The Competitive Landscape: Who Else Is Building National Scale?

Agility isn't the only PE-backed platform chasing national scale in refrigeration and HVAC services. CoolSys, Leap Partners, and AAON have all been active acquirers in recent years, each pursuing slightly different strategies but converging on the same thesis: consolidate a fragmented market, improve operations, and exit to a larger strategic buyer or take the company public once scale is sufficient.

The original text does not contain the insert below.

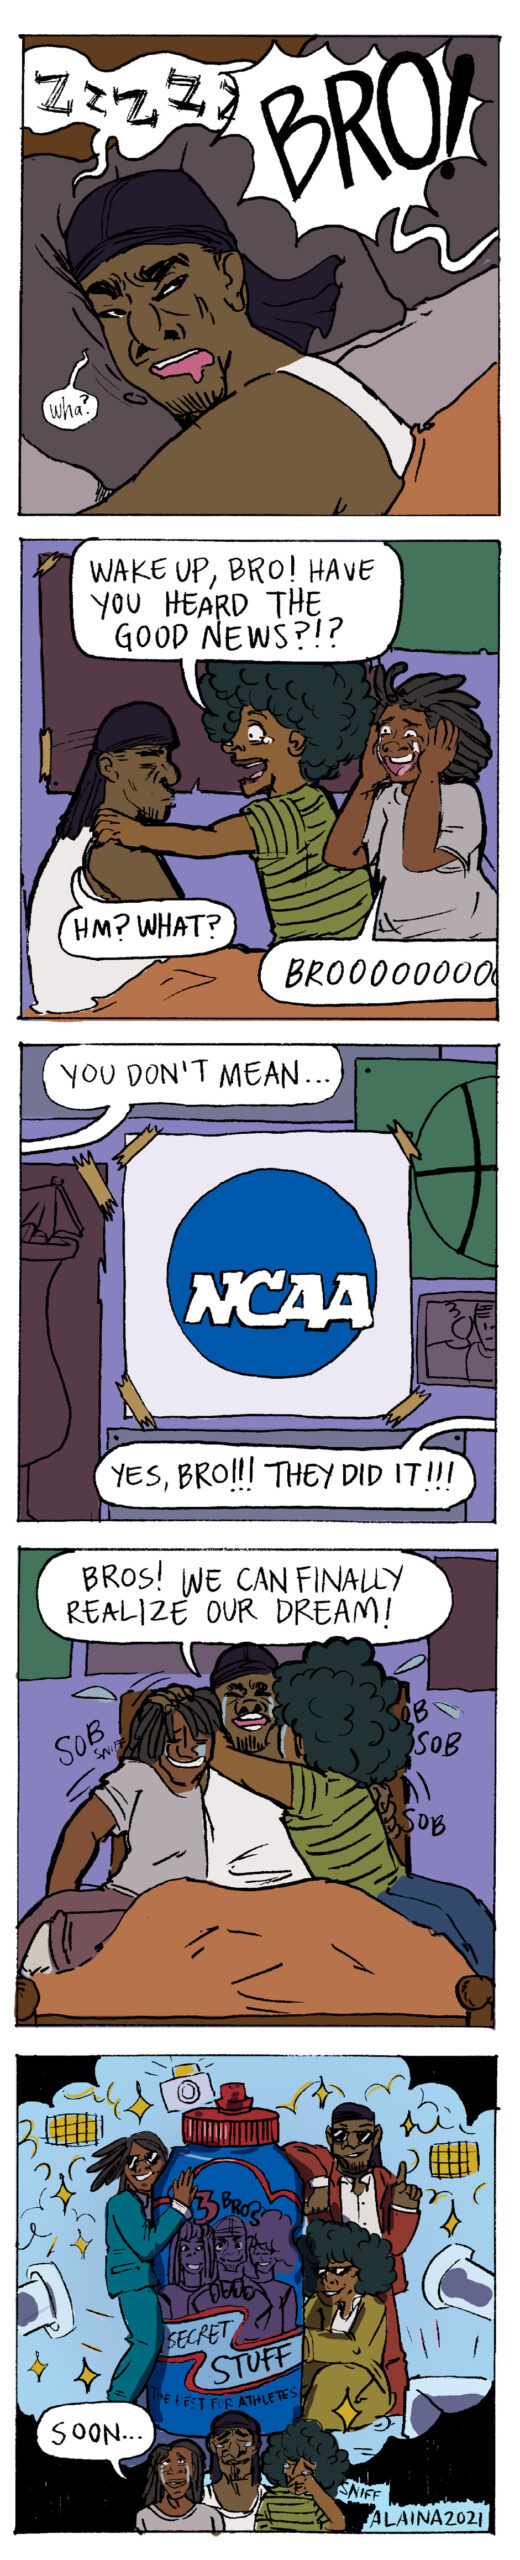 A cartoon about 3 college athletes who are now legally allowed to market their names, images, and likenesses to promote their own sports beverage.

CoolSys, for example, has completed more than 100 acquisitions since its formation and now operates as one of the largest refrigeration services providers in North America. Its scale gives it negotiating leverage with OEMs, national account customers, and lending partners that smaller platforms like Agility can't yet match. But CoolSys also faces the complexity of integrating dozens of disparate systems, cultures, and operating models — a challenge that creates openings for faster-moving, more selective acquirers.

Platform

Sponsor

Acquisition Count (Est.)

Geographic Focus

Service Mix

CoolSys

Ares Management

100+

National

Refrigeration, HVAC

Agility Retail Group

San Francisco Equity Partners

10-15 (estimated)

Regional, expanding

HVAC, refrigeration

LEAP Partners (HVAC portfolio)

LEAP Partners

Multiple platforms

Regional

HVAC, plumbing, electrical

AAON

Public (strategic acquirer)

Select add-ons

National

Equipment + service

The competitive dynamics in this market favor platforms that can move quickly, maintain service quality through integration, and avoid the trap of over-leveraging to fund growth. Agility's pace — measured but consistent — suggests SFEP is prioritizing sustainable value creation over headline-grabbing acquisition counts.

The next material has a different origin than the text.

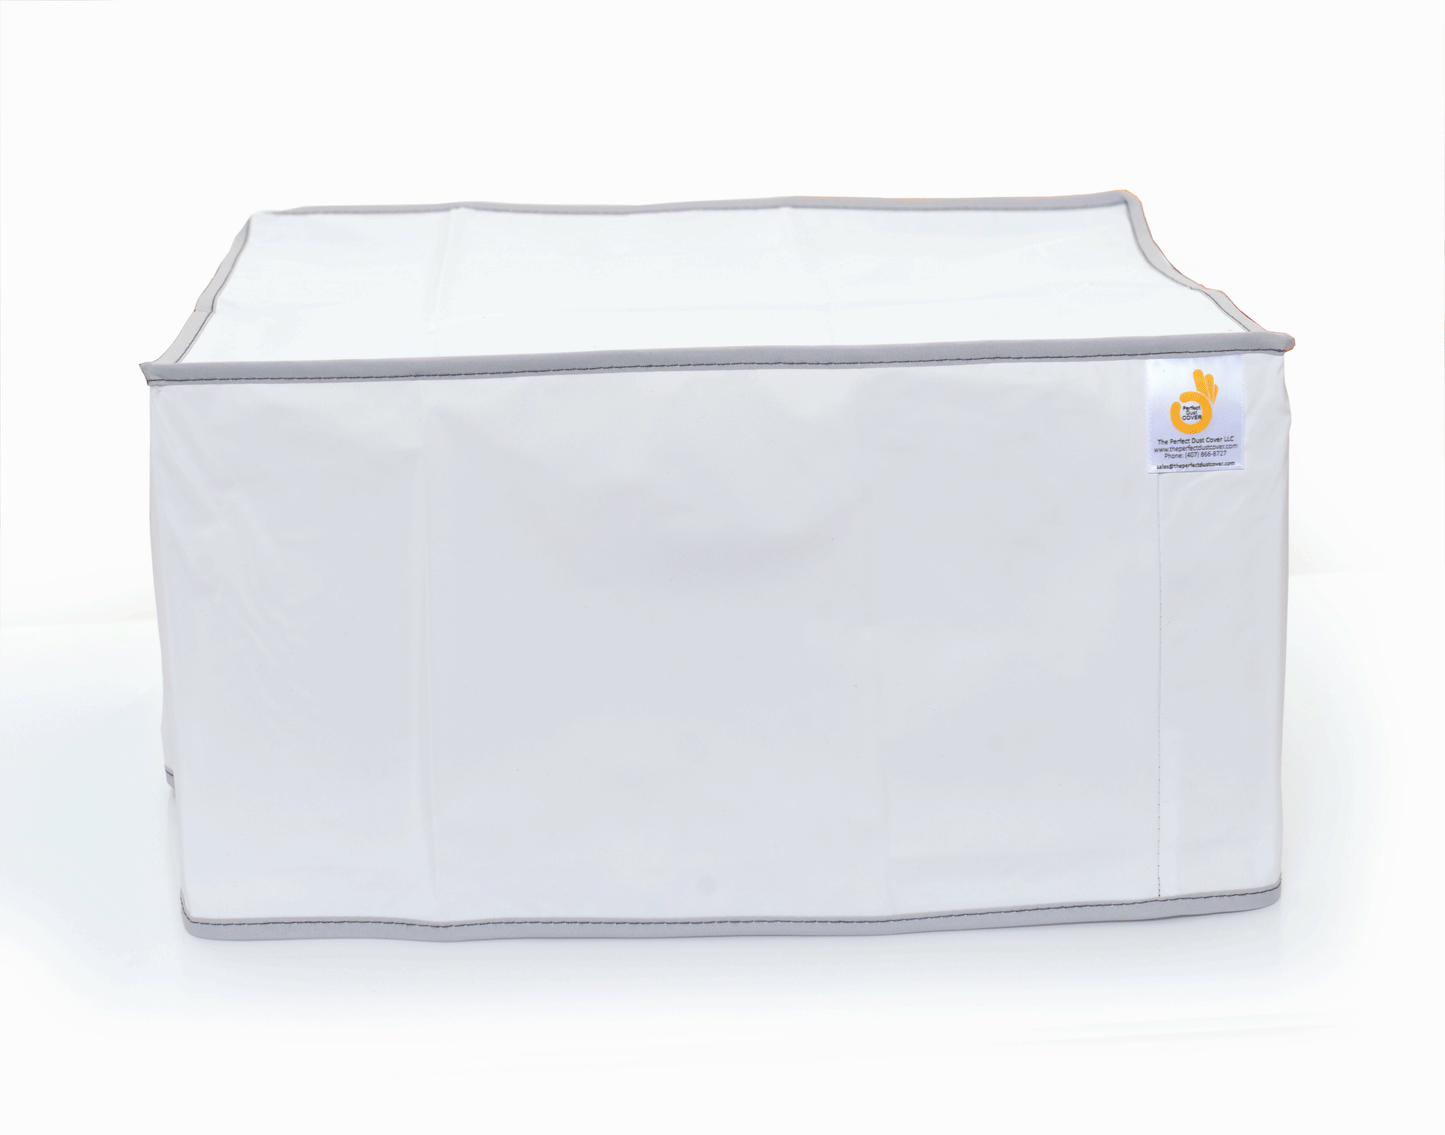 The Perfect Dust Cover, White Nylon Cover Compatible with HP Smart Tank 7301 and HP Smart Tank 7602 Wireless All-in-One Printers, Anti-Static and Waterproof Dust Cover by The Perfect Dust Cover LLC

The next twelve months will reveal whether Agility's strategy can deliver the kind of organic growth and margin expansion that justify further add-on activity. If Marco integrates cleanly and contributes to consolidated EBITDA without cannibalizing existing customer relationships, expect SFEP to deploy more capital into the platform and accelerate the M&A cadence. If integration drags or customers churn, the entire thesis gets reevaluated.

What to Watch: Three Open Questions

First: Can Agility retain Marco's technician base? The labor market for certified HVAC and refrigeration techs remains brutally tight. If key employees leave post-acquisition — either because they don't like the new ownership or because competitors poach them — the deal's strategic value diminishes quickly.

Second: Will Agility pursue additional Florida acquisitions to build route density, or will it shift focus to new geographies? The platform logic works best when you own a market deeply enough to dominate service contracts and achieve real operational efficiency. Spreading too thin too fast is how rollups fail.

Third: How long does SFEP plan to hold Agility before seeking an exit? The typical PE hold period is five to seven years, but in services rollups, sponsors sometimes extend that timeline if the M&A pipeline is strong and the platform hasn't yet reached its optimal scale. If Agility continues executing well, SFEP might be patient and build toward a larger exit — either a sale to a mega-cap PE firm or a strategic buyer in the facilities services space.

The Marco-Agility deal won't make headlines outside M&A circles, but it's a case study in how private equity is reshaping industries most people never think about. Refrigeration services, HVAC maintenance, plumbing, electrical work — these are the unglamorous sectors where patient capital, operational discipline, and programmatic M&A can generate serious returns. And for founders who've spent decades building regional service businesses, it's a reminder that the exit landscape has shifted. The buyer isn't your competitor down the street. It's a PE-backed platform you've never heard of, advised by bankers you've never met, executing a strategy that treats your life's work as one piece of a much larger puzzle.